Families must balance their budget every year, proponents of a constitutional balanced budget amendment often argue, so why shouldn’t the federal government? This argument has several serious flaws, the most basic being that families often do not balance their budgets, for good reason.
A family that takes out a student loan to send a child to college, for example, might end up with a large “deficit” for that year — that is, it will spend more than it earns that year. But a college education is a solid long-term investment that is likely to translate into significantly higher earnings over the child’s working career.
Similarly, a family that obtains a mortgage will almost certainly have a “deficit” for that year, but it will also have a house to live in.
Families also build up savings in good economic times and draw them down when times are tight to cover expenses that exceed their current incomes.
The proposed constitutional amendment would bar the federal government from such practices. The federal government couldn’t borrow to finance investments that boost future economic growth, such as infrastructure improvements.
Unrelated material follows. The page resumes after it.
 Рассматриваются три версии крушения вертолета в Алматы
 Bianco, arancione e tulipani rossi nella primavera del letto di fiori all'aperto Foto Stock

And if it ran a surplus one year, it couldn’t draw it down the next year to help balance the budget if the economy turned down.
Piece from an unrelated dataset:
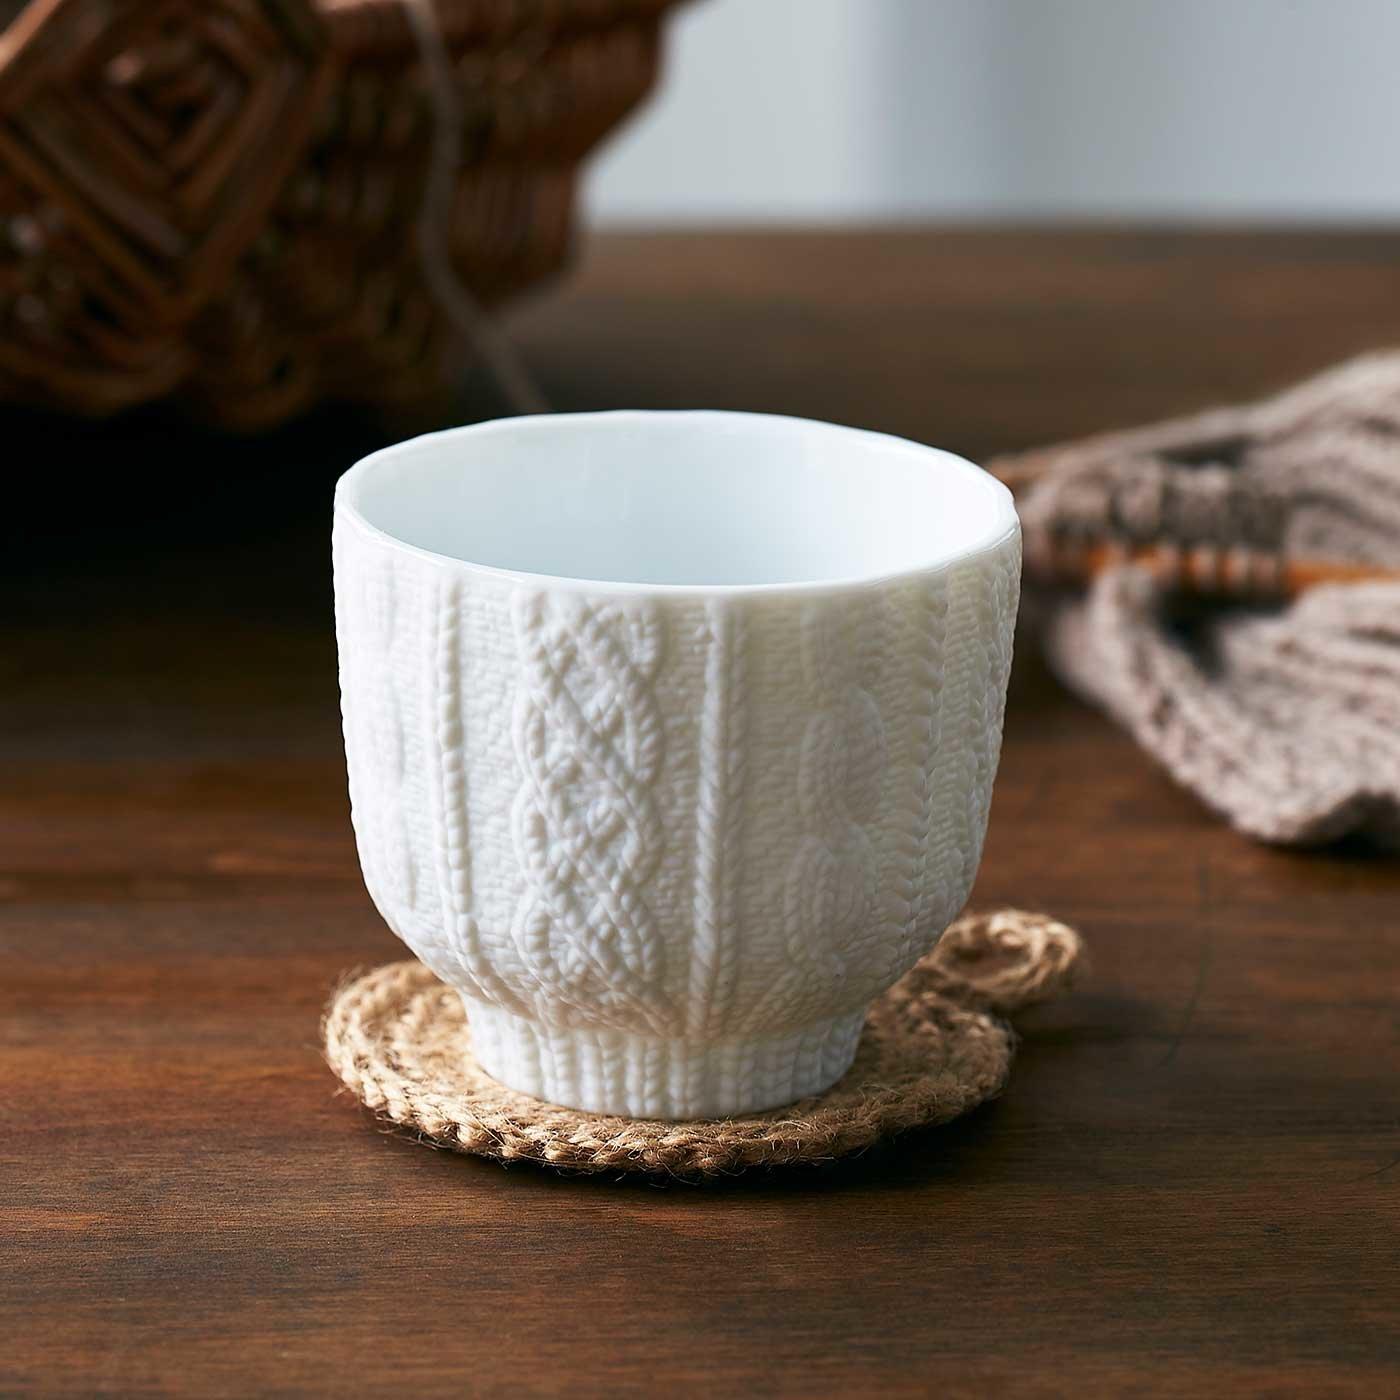 瀬戸生まれ 手編みのセーターみたいなカップ
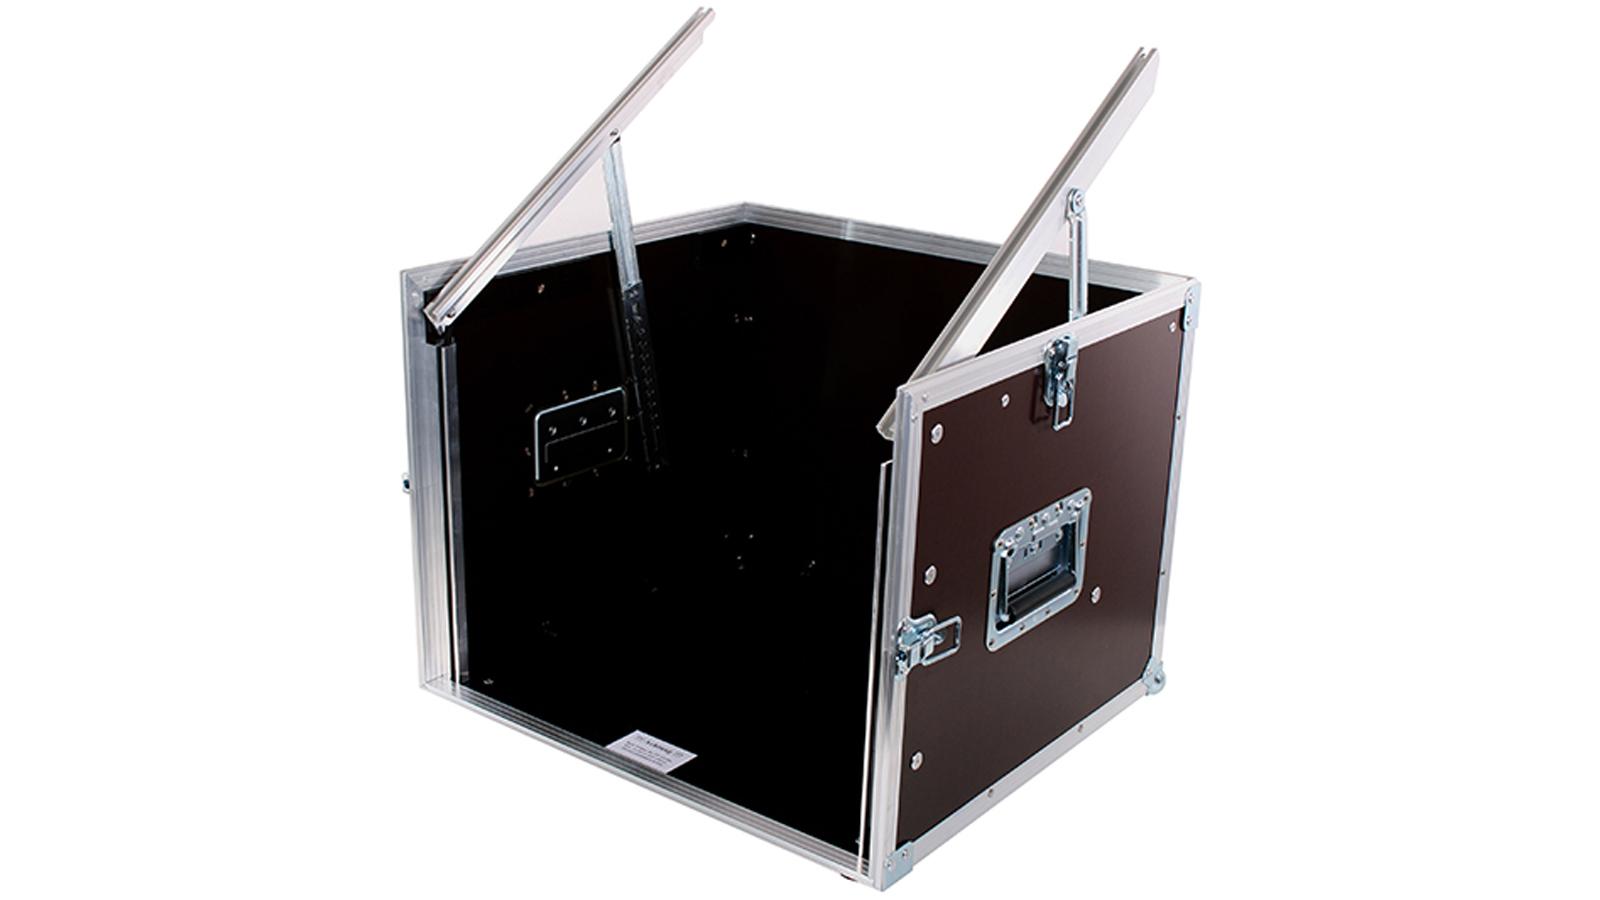 LT-Case Winkelrack 8 HE Eco

In fact, even if a family financed a new house or a college education entirely out of savings – with no loans and no mortgage – that would still be prohibited “deficit financing” under the terms of the balanced budget amendment, because it is still a case of spending more in that year than the family earned in that year.
In short, a balanced budget amendment wouldn’t align federal budgeting practices with those of families. It also would threaten serious economic harm, especially in recessions — and would harm family budgets by causing many Americans to lose their jobs, as Macroeconomic Advisers has explained. It also would create a host of problems for Social Security, and other basic federal functions, as we’ve explained.